The Many Thoughts of a Reader said...

This is very true. Thanks for writing it. I needed another reminder.

Anonymous said...

I do believe that children below the age of six grow best if they feel fundamentally that the world is good. My son was six when 9/11 happened. He spent days in his room recreating it, with Lego. I could see he found it impossible to process. I am not convinced that young children (below 6) need to know things they have no control over. As the leader of my child (and my kindergarten children) I choose to protect their sensibilities while they're too young to put the events in context or to return to an inherent understanding that the World is good. (Just my opinion, of course!x)

CARRIE said...

This is lovely and, oh so, true.

Anonymous said...

Well I think much care should be taken, especially in the formative years. I wasn't shielded from much while growing up in a big city with lots of crime (not to mention what was on the news about crime in the rest of the world).
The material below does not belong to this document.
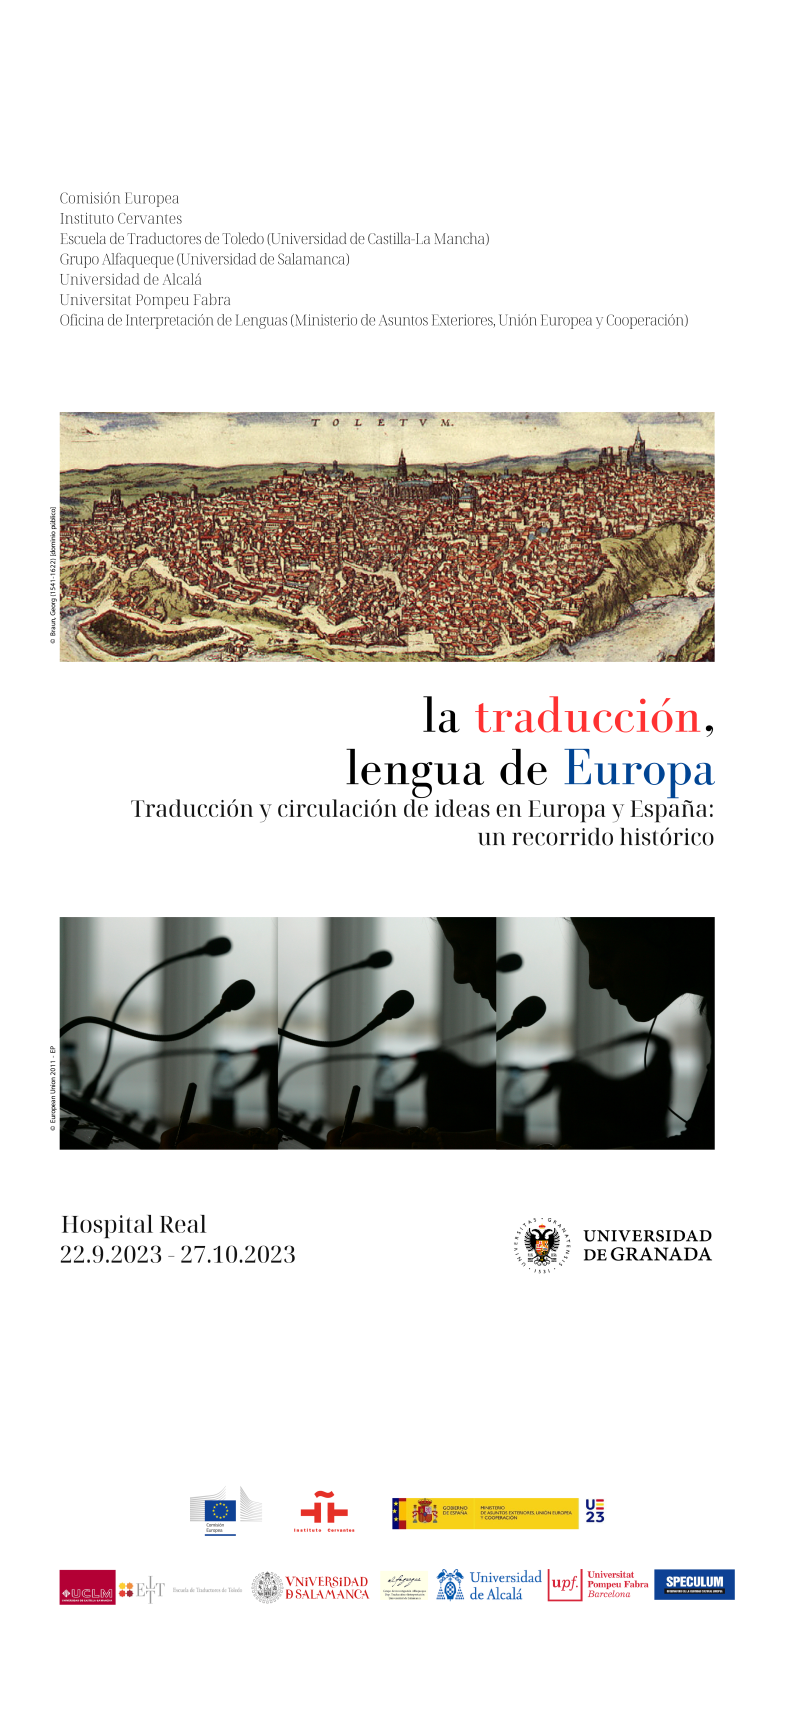 Cartel anunciador de la exposición en el que aparece un dibujo de una ciudad medieval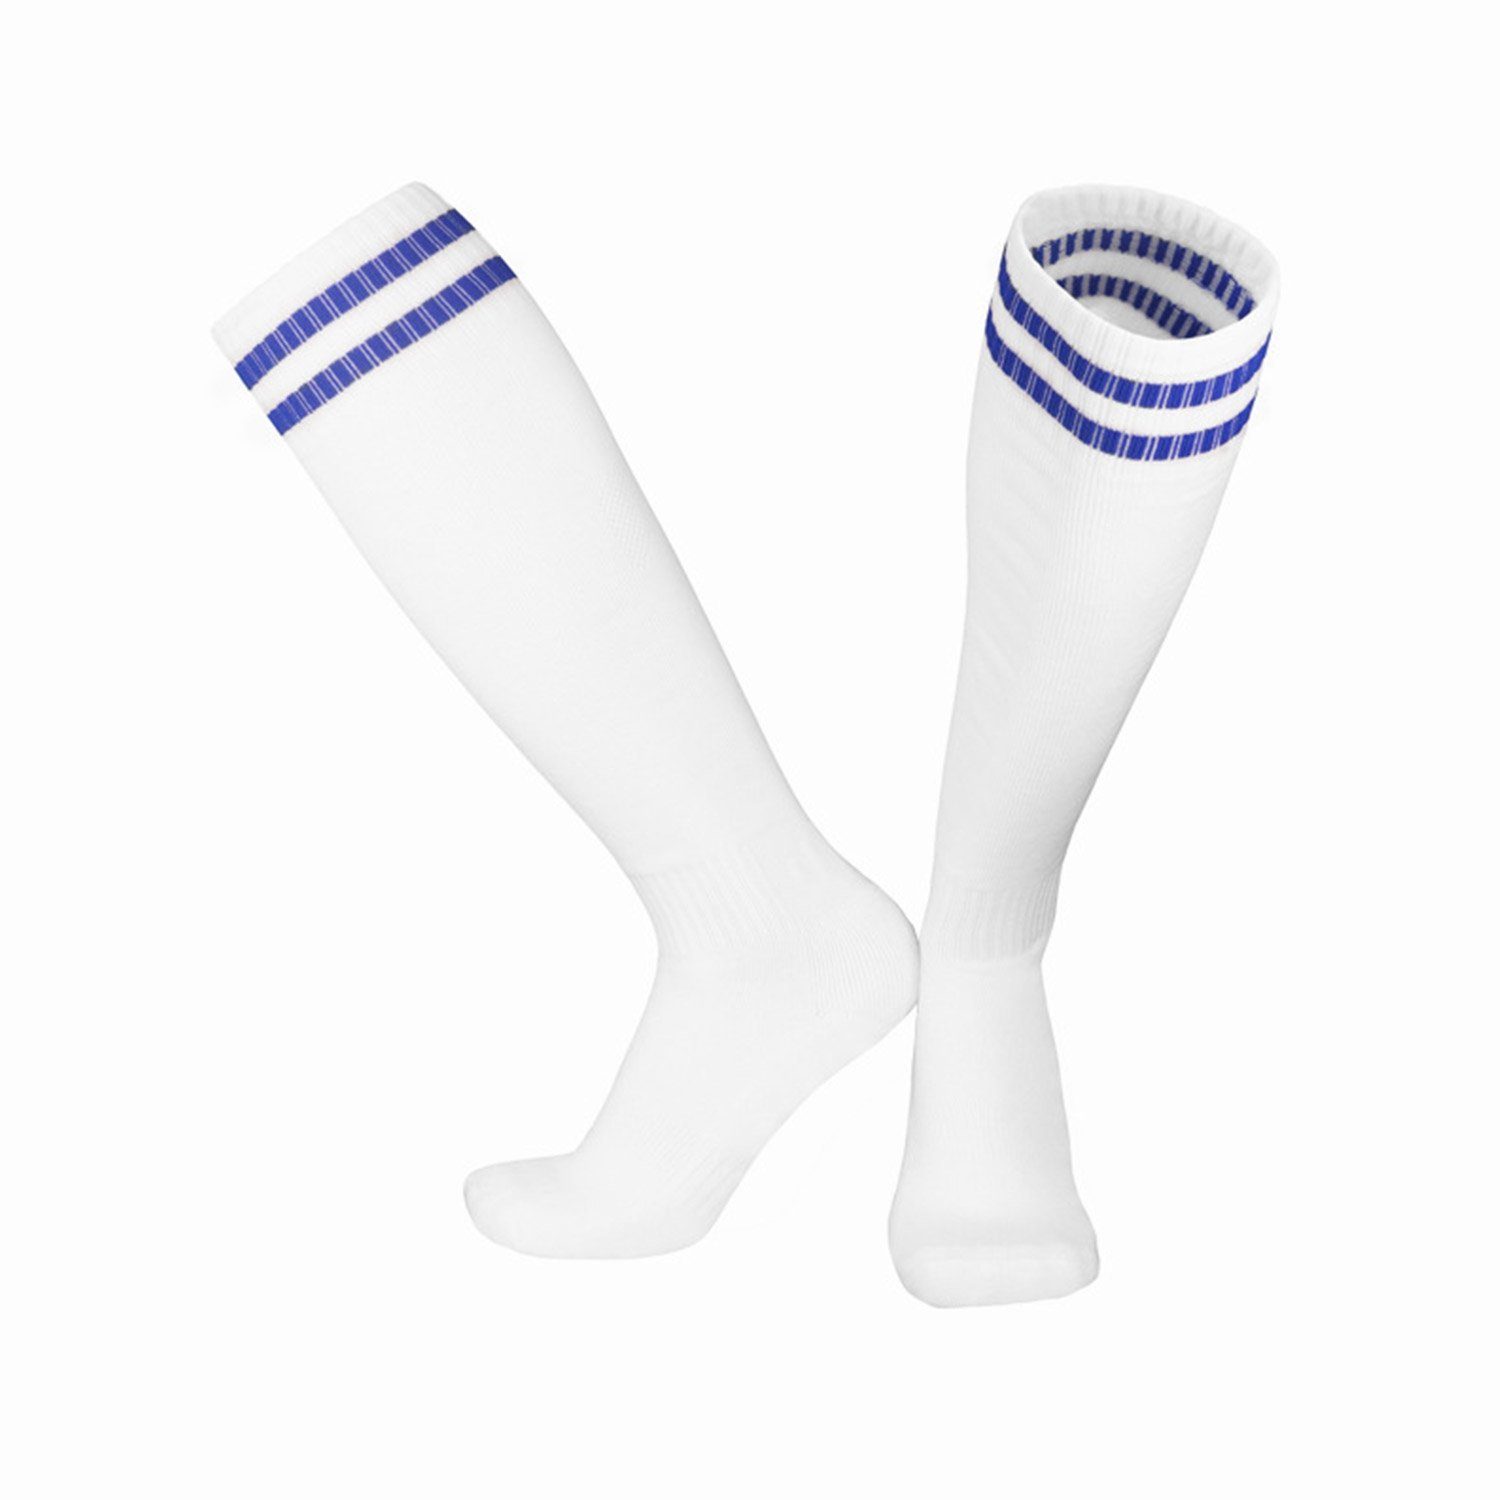 MAGICSHE Sportsocken Kinderfußball Weiß2 Fußballtraining, Erwachsene -Socken Bewegung Socken Socken Fadenfäden für und Training Neutral Laufen

I still struggle with...an inflated fear (sometimes it seems like I exhibit PTSD symptoms) of violence, etc. I wish constantly that my parents had protected us from being exposed to it at such a young age. My policy is to keep them from knowing about violence as much as possible in the formative years to give their natural sense of security time to develop so it's not an ingrained part of their personalities to be inappropriately burdened by tragedy and horror. I'm not sure how psychologically accurate that approach is but it's got to be better than what I deal with. Ultimately, a 6-year-old who wishes she knew at 3 what she knows now, isn't 3 and doesn't know how her 3 year old self would have processed that. So maybe be a little more cautious and if they hear about something scary, then you explain. But it seems like little ones will have plenty of opportunities to encounter evil and violence and we don't have to be proactive about having them seeing it early.

Sandra Tuszynska said...

Hi Tom

thank you sharing this. It is absolutely true and I remember when I was a child, that everything that the adults wanted to hide from me, it felt terrible, it felt like I was being deceived and somehow unequal to adults.
I believe that we are created to want truth and nothing but the truth, because it is the truth that sets us free. But as you say, we are so afraid of the truth, and fear creates the turmoil we currently live in.


Michelena said...

I was just talking about this very topic, with my daughter, who is 7 years old. She always wants to know the WHOLE truth, and she is not satisfied with generalities or delayed responses. When she was younger, I tried to resist. Sometimes, because there were things so terrible, I couldn't speak about it at all (i.e. when young children were murdered in school). Sometimes because I didn't want her to know the awful things some people are capable of doing. Then the matter of racial injustice became a dominant topic in our world. In the course of learning about white privilege, the idea of parents delaying when white children learn about racism until far later than when parents MUST inform black children, as a matter of survival, provided me with undeniable clarity.

Children KNOW things. They need to know if, and with whom they can discuss the things they know and observe and need support and guidance to understand. I want to be that person for my daughter and any other kids in our lives. I hope most kids have at least 3-4 such persons on whom they can rely.